Activity: Repeat exactly the lines below from the line that contains "MMO Pánske tričko" to the last line, inclusive, without the pictures.

Supplied information:
--- START ---
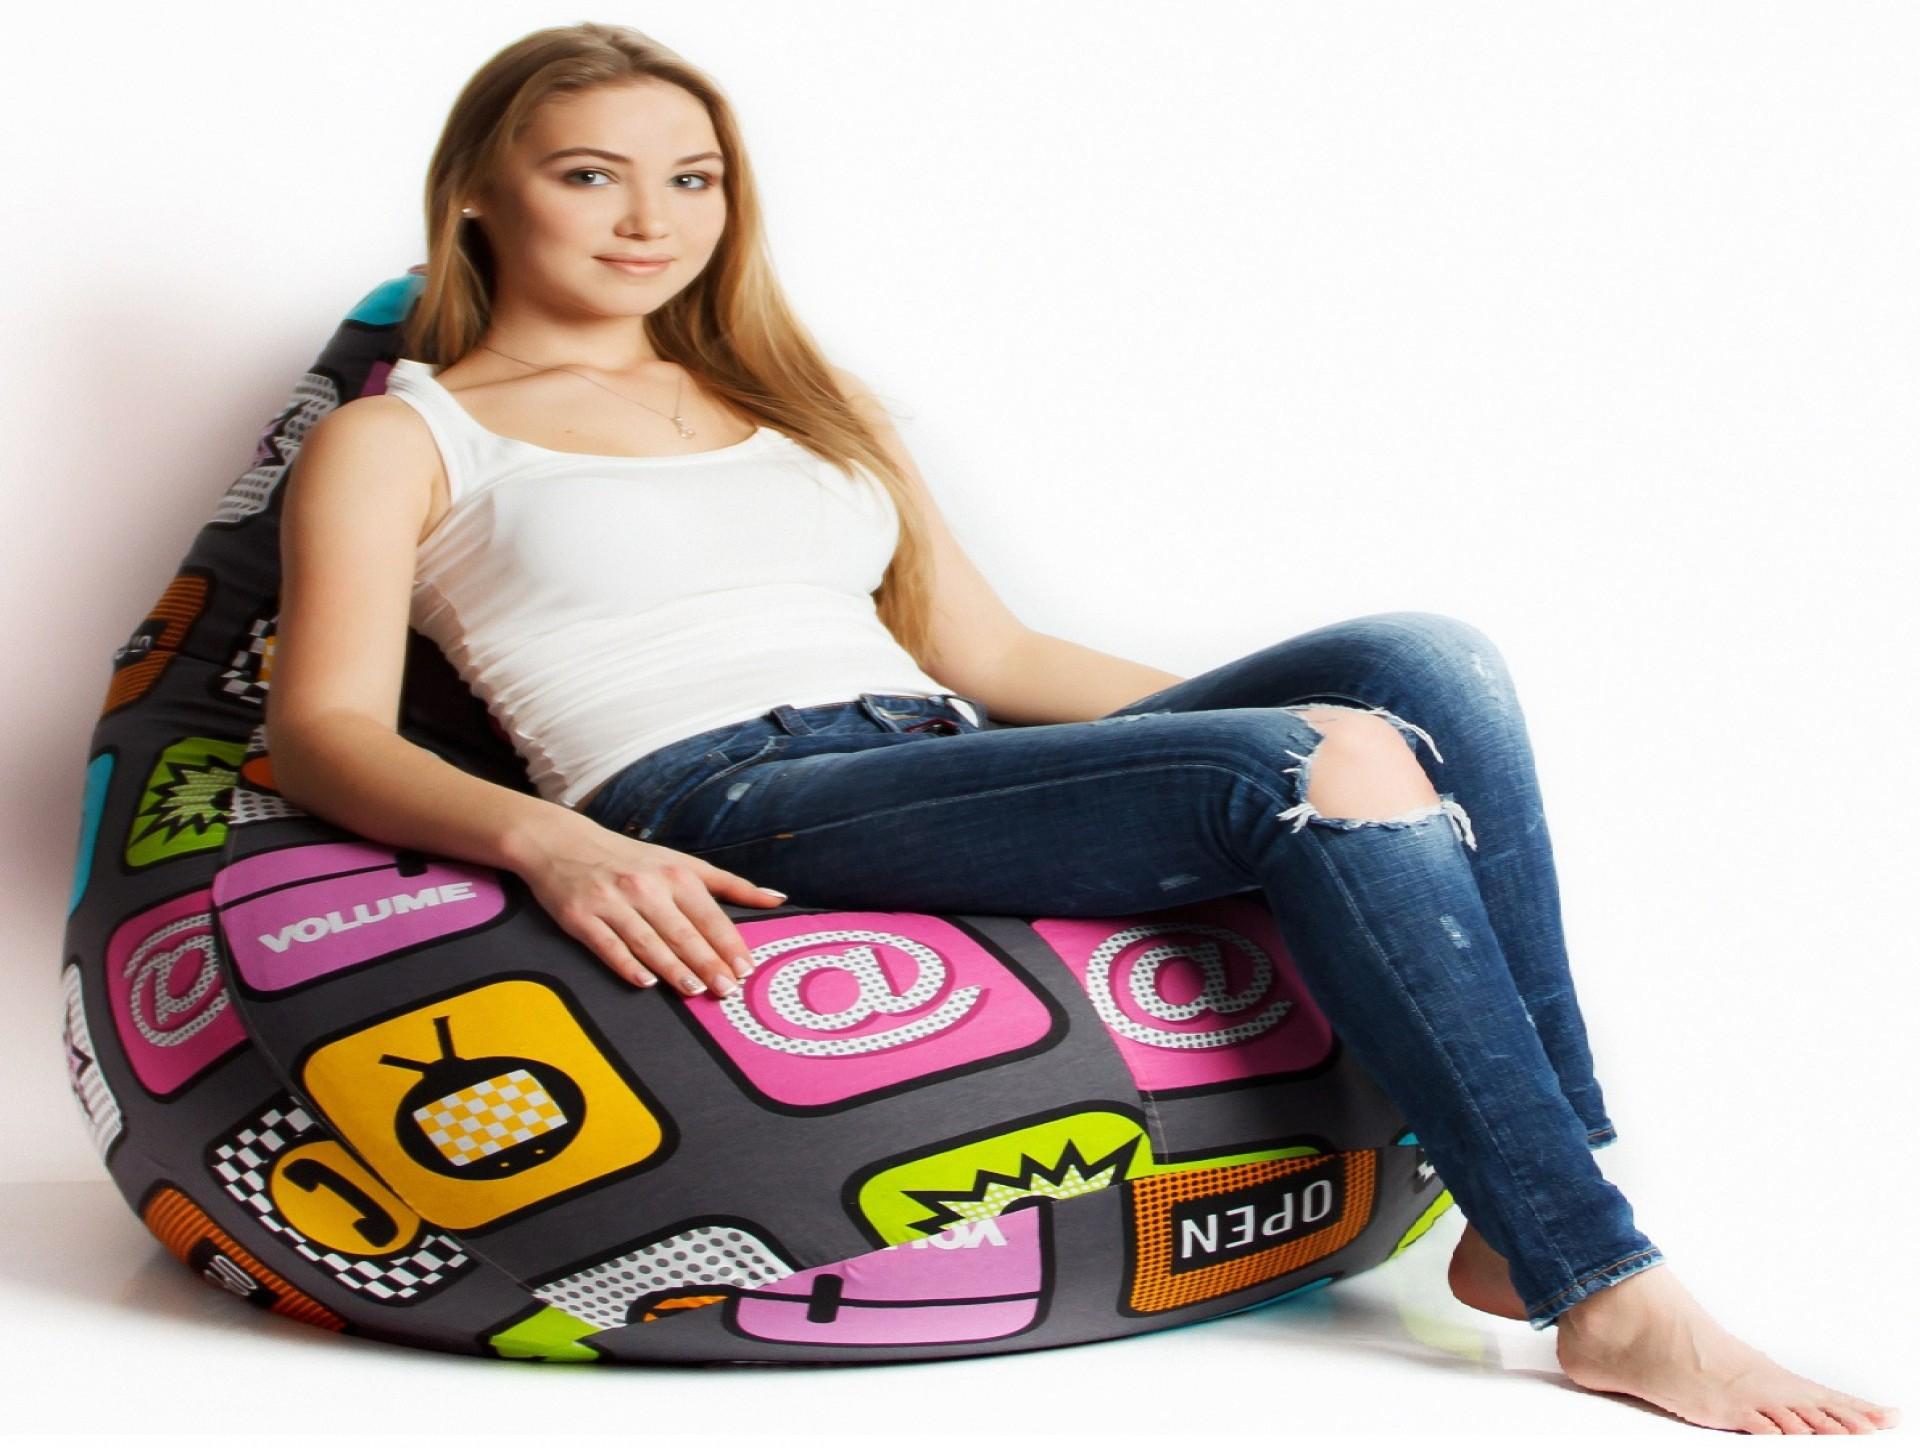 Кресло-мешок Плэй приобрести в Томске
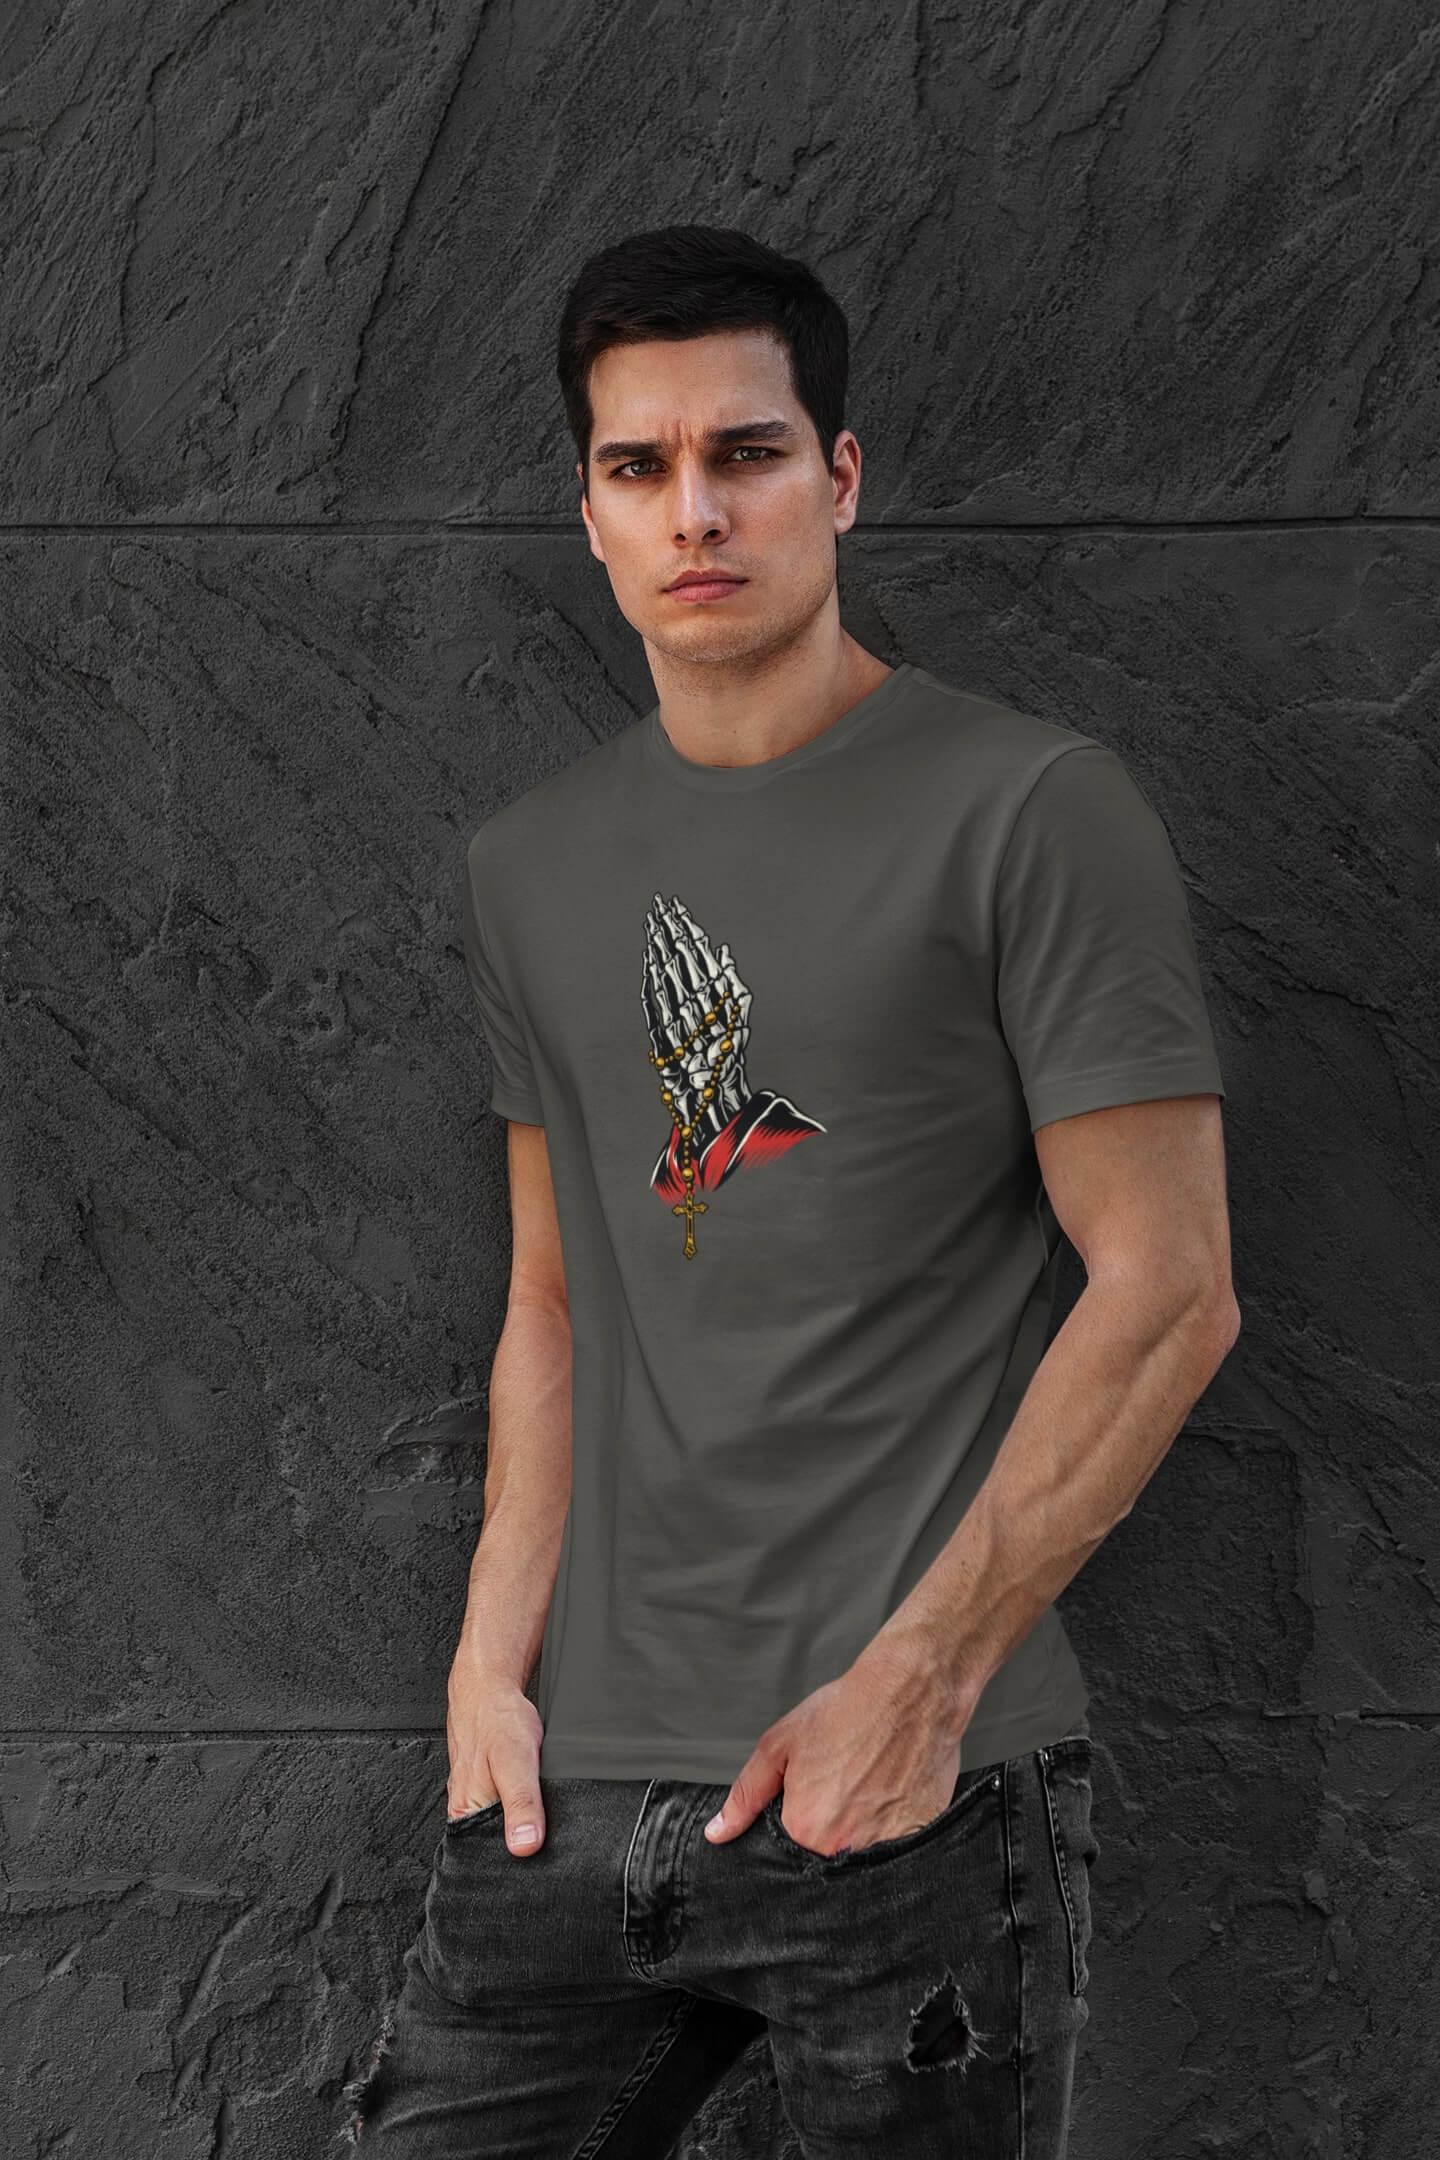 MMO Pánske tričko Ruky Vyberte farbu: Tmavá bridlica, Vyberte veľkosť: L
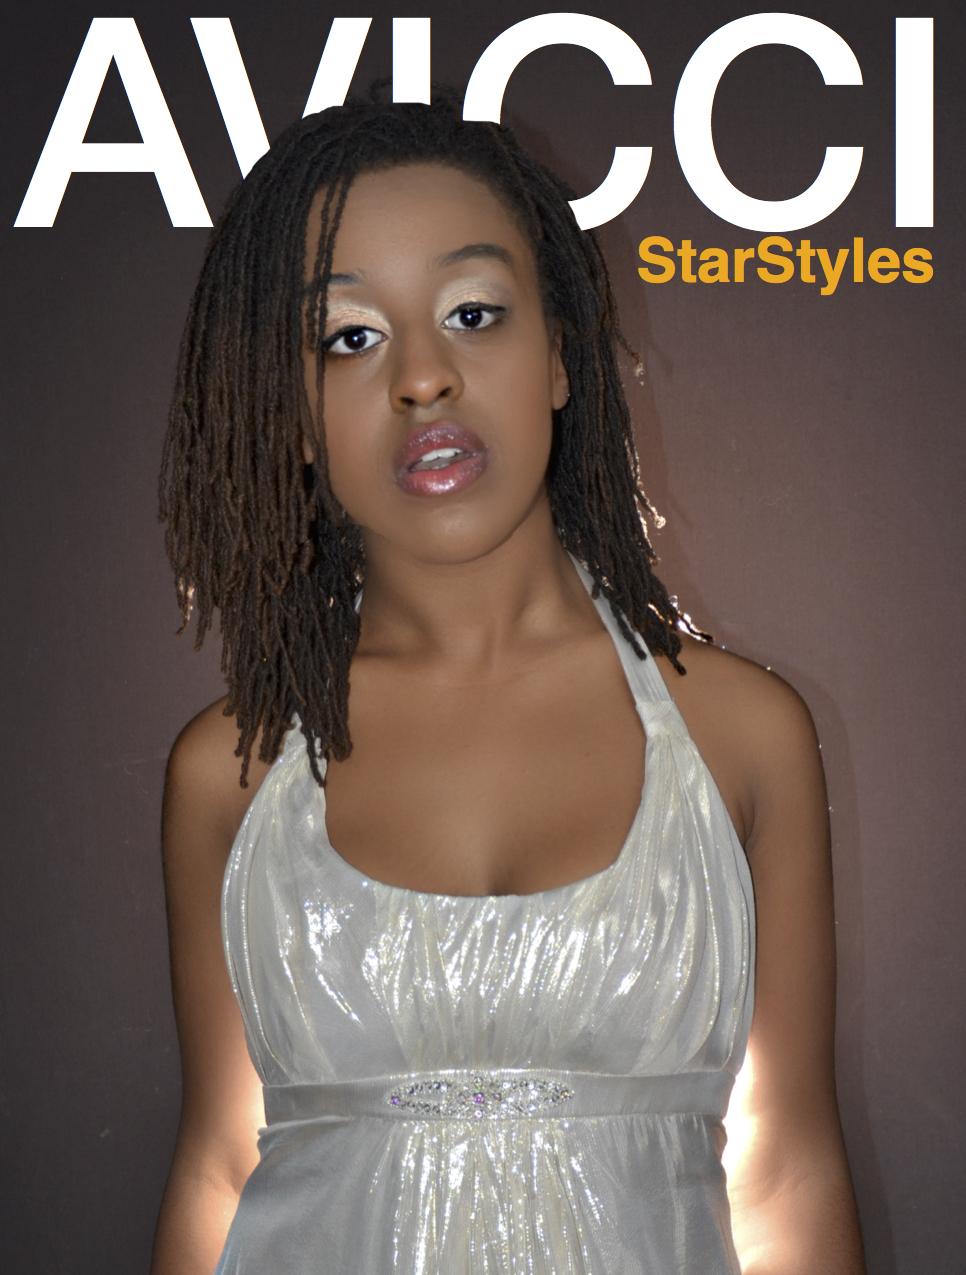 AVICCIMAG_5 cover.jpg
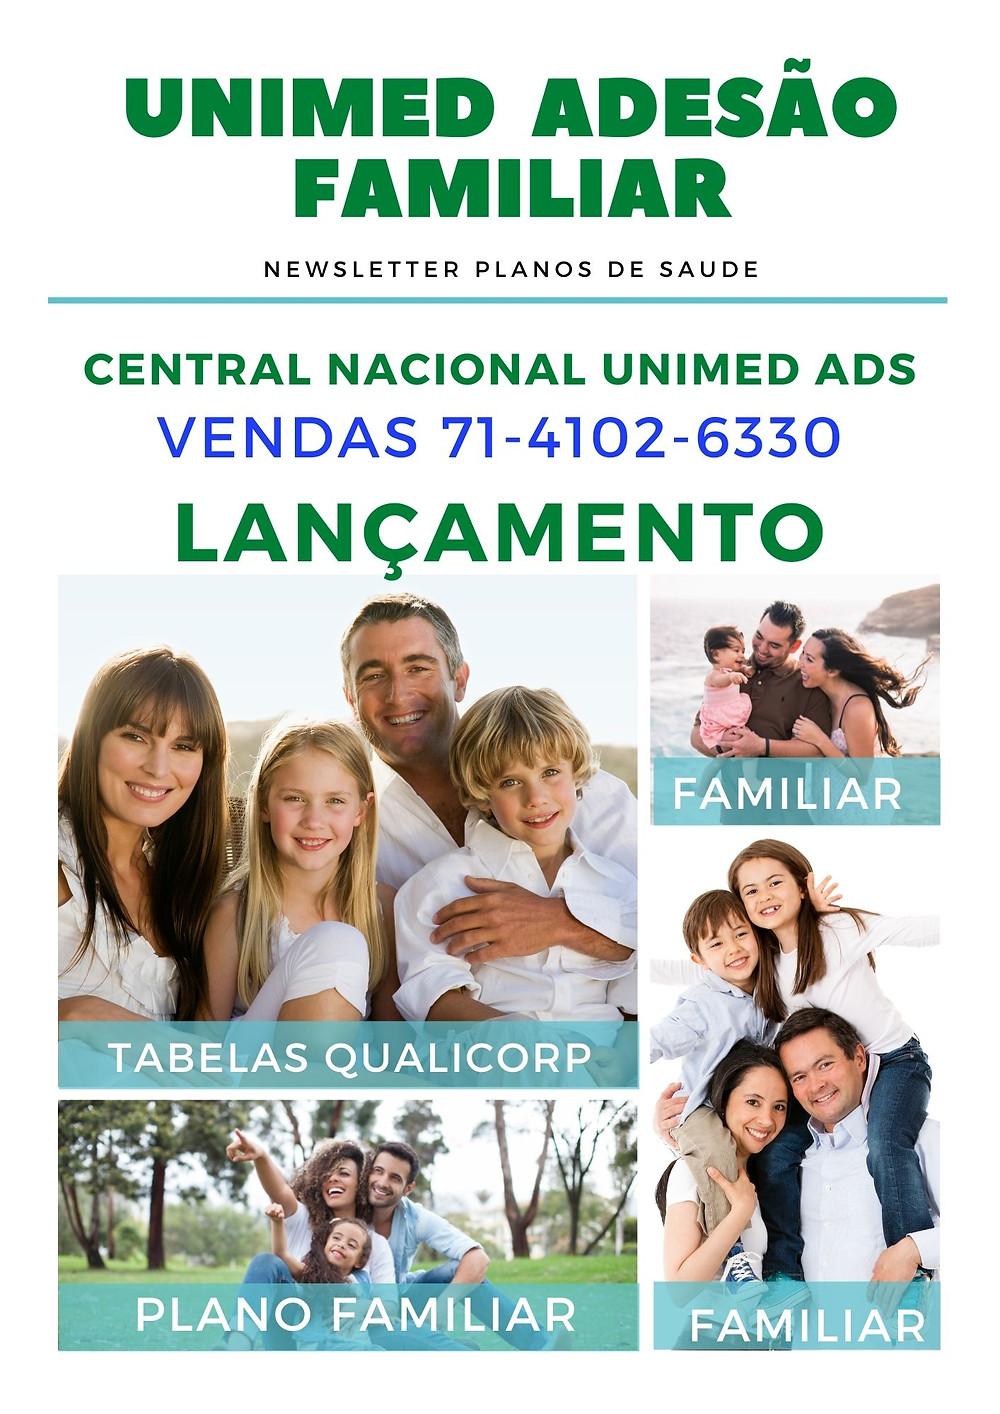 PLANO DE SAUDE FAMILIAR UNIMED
--- END ---
Answer box:
 MMO Pánske tričko Ruky Vyberte farbu: Tmavá bridlica, Vyberte veľkosť: L
 AVICCIMAG_5 cover.jpg
 PLANO DE SAUDE FAMILIAR UNIMED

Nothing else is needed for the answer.